More reading on Mami Wata: here from Face2FaceAfrica and here from StoryMaps showing Mami Wata’s presence alive in Cuba as well. Honorable mention: Queen Bey has also paid homage to Mami Wata of late.

The thought of water floods my thoughts and memories. I think of how I want so badly to visit both Savannah, Georgia and Charleston, South Carolina, of how according to history my maternal great great grandfather, James Skirving Smith, a past president of Liberia returned to that nation from South Carolina. I think of the coastal Gullah Geechee of South Carolina and environs and how their names sound so much like Liberia’s Gola and Kissi ethnic peoples and how Gullah people actually sound like Liberian Congor people. I equally think of Igbo Landing (Black Past), the site of a mass suicide by captured Igbos and other Africans after their ship landed on America’s shores. That line from Black Panther where Killmonger states his preference of dying in the ocean rather than being a slave isn’t farfetched at all. That they choose death over slavery is nourishing food for thought!

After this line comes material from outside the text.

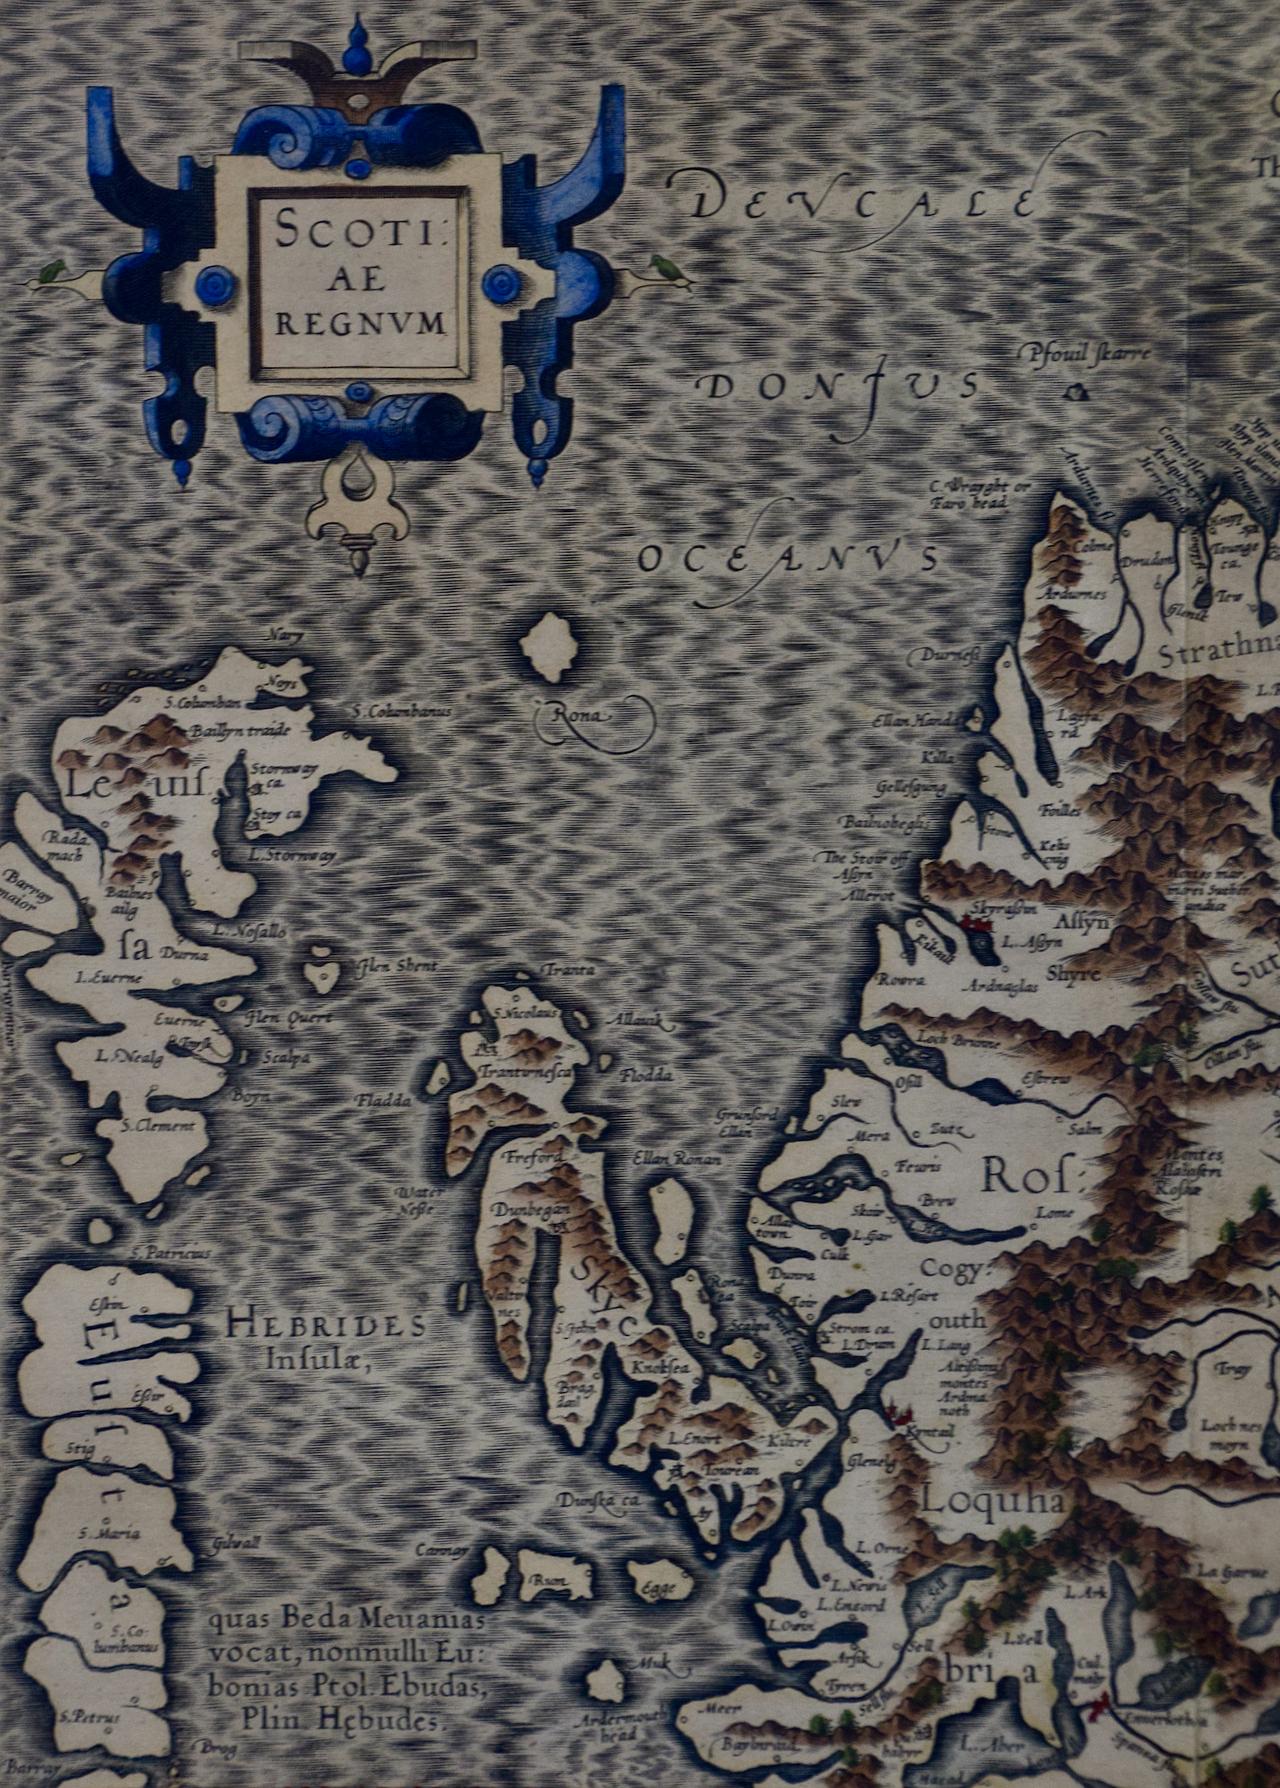  Carte du nord de l'Écosse du XVIe siècle, encadrée et coloriée à la main par Gerard Mercator, intitulée 
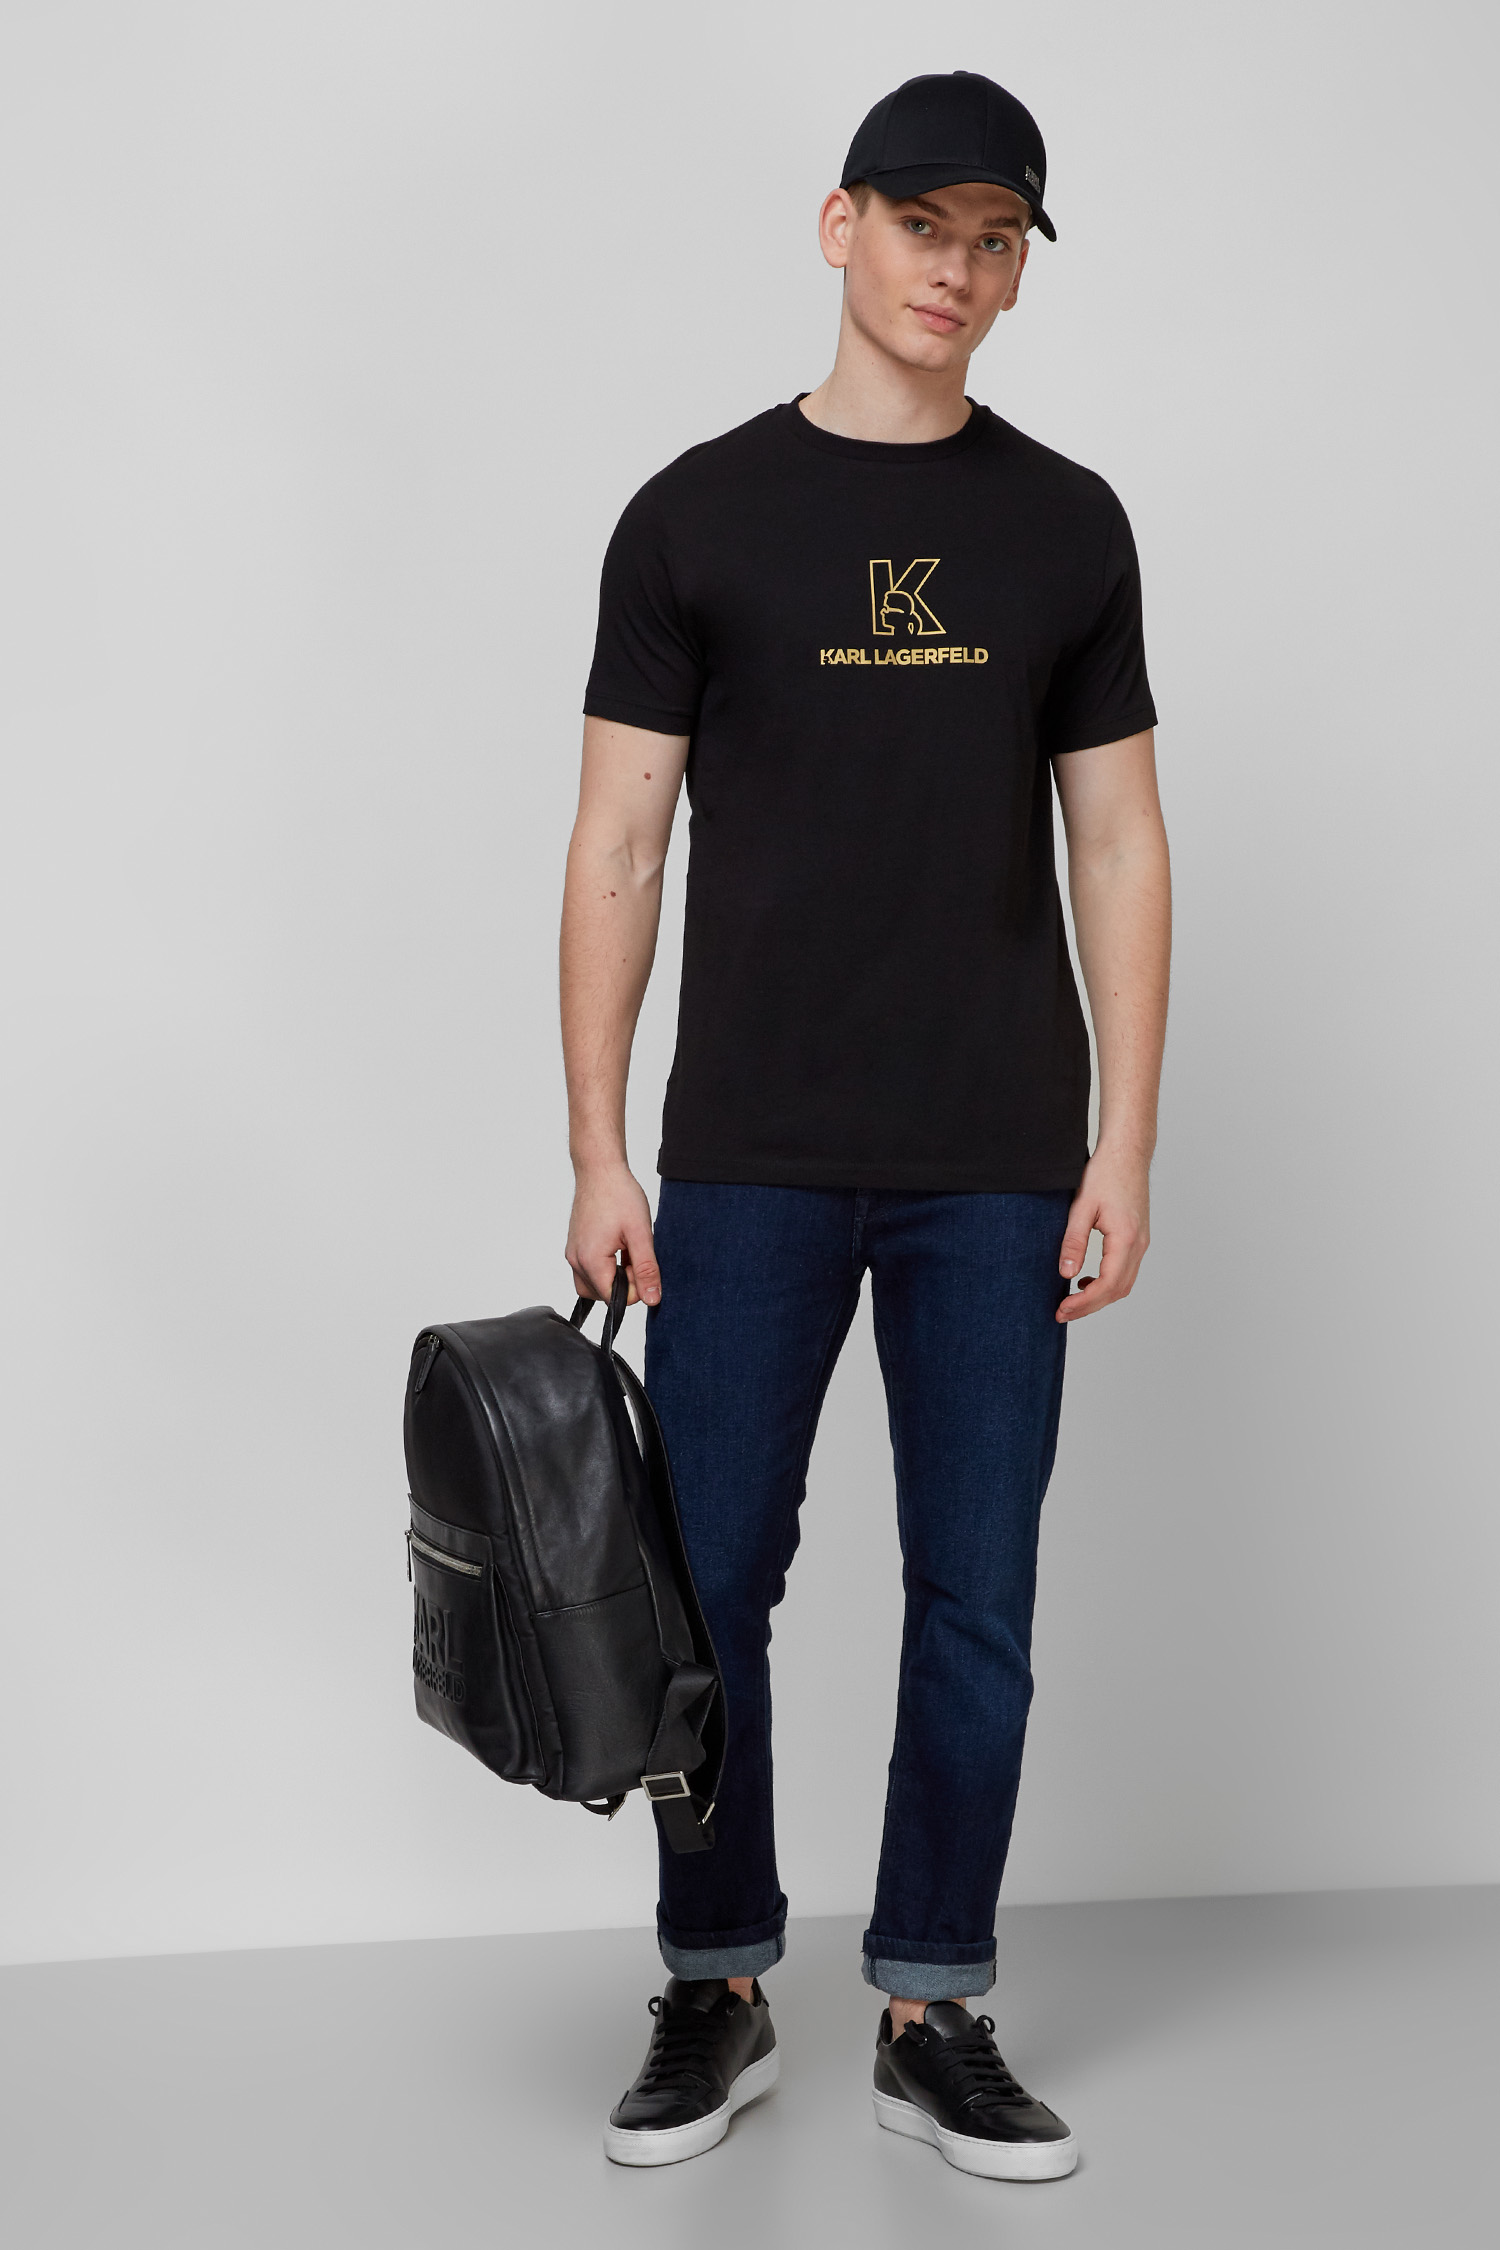 Чорна футболка для хлопців Karl Lagerfeld 512224.755049;990

This my own relationship to water, it's deep oh! Growing up in Liberia with its 15,000 square kilometers of water, the word that comes to mind in our collective association with the ocean, besides the tasty variety of fish and seafood is: fear. The stories (which I now realize were few) of people drowning in the ocean instilled that fear. While some swam, I may have been to the famous pool at Hotel Africa maybe once or twice. Ironically, my father’s ethnic group, the Bassa are coastal people. My maternal grandmother is of the Kru people (known as “the tribe that refused to be enslaved”), also likely given this name because they were seafarers and literally “crew” on European ships pre-slavery, expert navigators on rough waters. But I grew up with an ingrained fear of water. When we arrived in America decades ago, my parents enrolled my siblings and I in swim lessons, in part to keep us positively occupied that first summer – we ended up taking lessons for a whole month. To this day, none of us is a comfortable swimmer. On my part, I was too scared to relax during those lessons. When I moved back to Liberia a few years ago and visited Edina, Grand Bassa County, I marveled at very young children RACING across a river that feeds into the ocean. Talk about graduating from the pool! The Bassa subgroup, Neegi might as well be descendants of Mami Wata, basically described as water sorcerers (more often derogatively given our American assimilation). But here I was, a Bassa geh (girl) afraid of water.

I should correct that – I was afraid of swimming. I LOVE the water; always have. I love the sea breeze, the misty taste of sea salt, I love the sound of ocean waves, and I love staring at the ocean. The colors are magical and ah, the variations depending on the part of the world and type of body of water. Water is joy. My fears haven’t stopped me from jet skiing, snorkeling or enjoying a catamaran ride. So, what gives, such deep-seated fear? Well, a couple years back I enrolled in swim lessons. I’m not there yet, but I plan to pick back up on those lessons. I’m going to swim. Because it’s in my blood. It’s part of me. I am going to become comfortable with that part of my primal self again.

And in recalling these stories, I see how water is life in my own life. How water has shaped my stories. Whether history, ethnicity, fears, pleasures, spirituality, so much of who we are is forever intertwined with the fluidity of the nature of water. Water is our source, our sustenance, our teacher. There’s no us without water.

By the way, did you know there was a time when people came from far and wide to purchase sea salt on Liberia’s coast?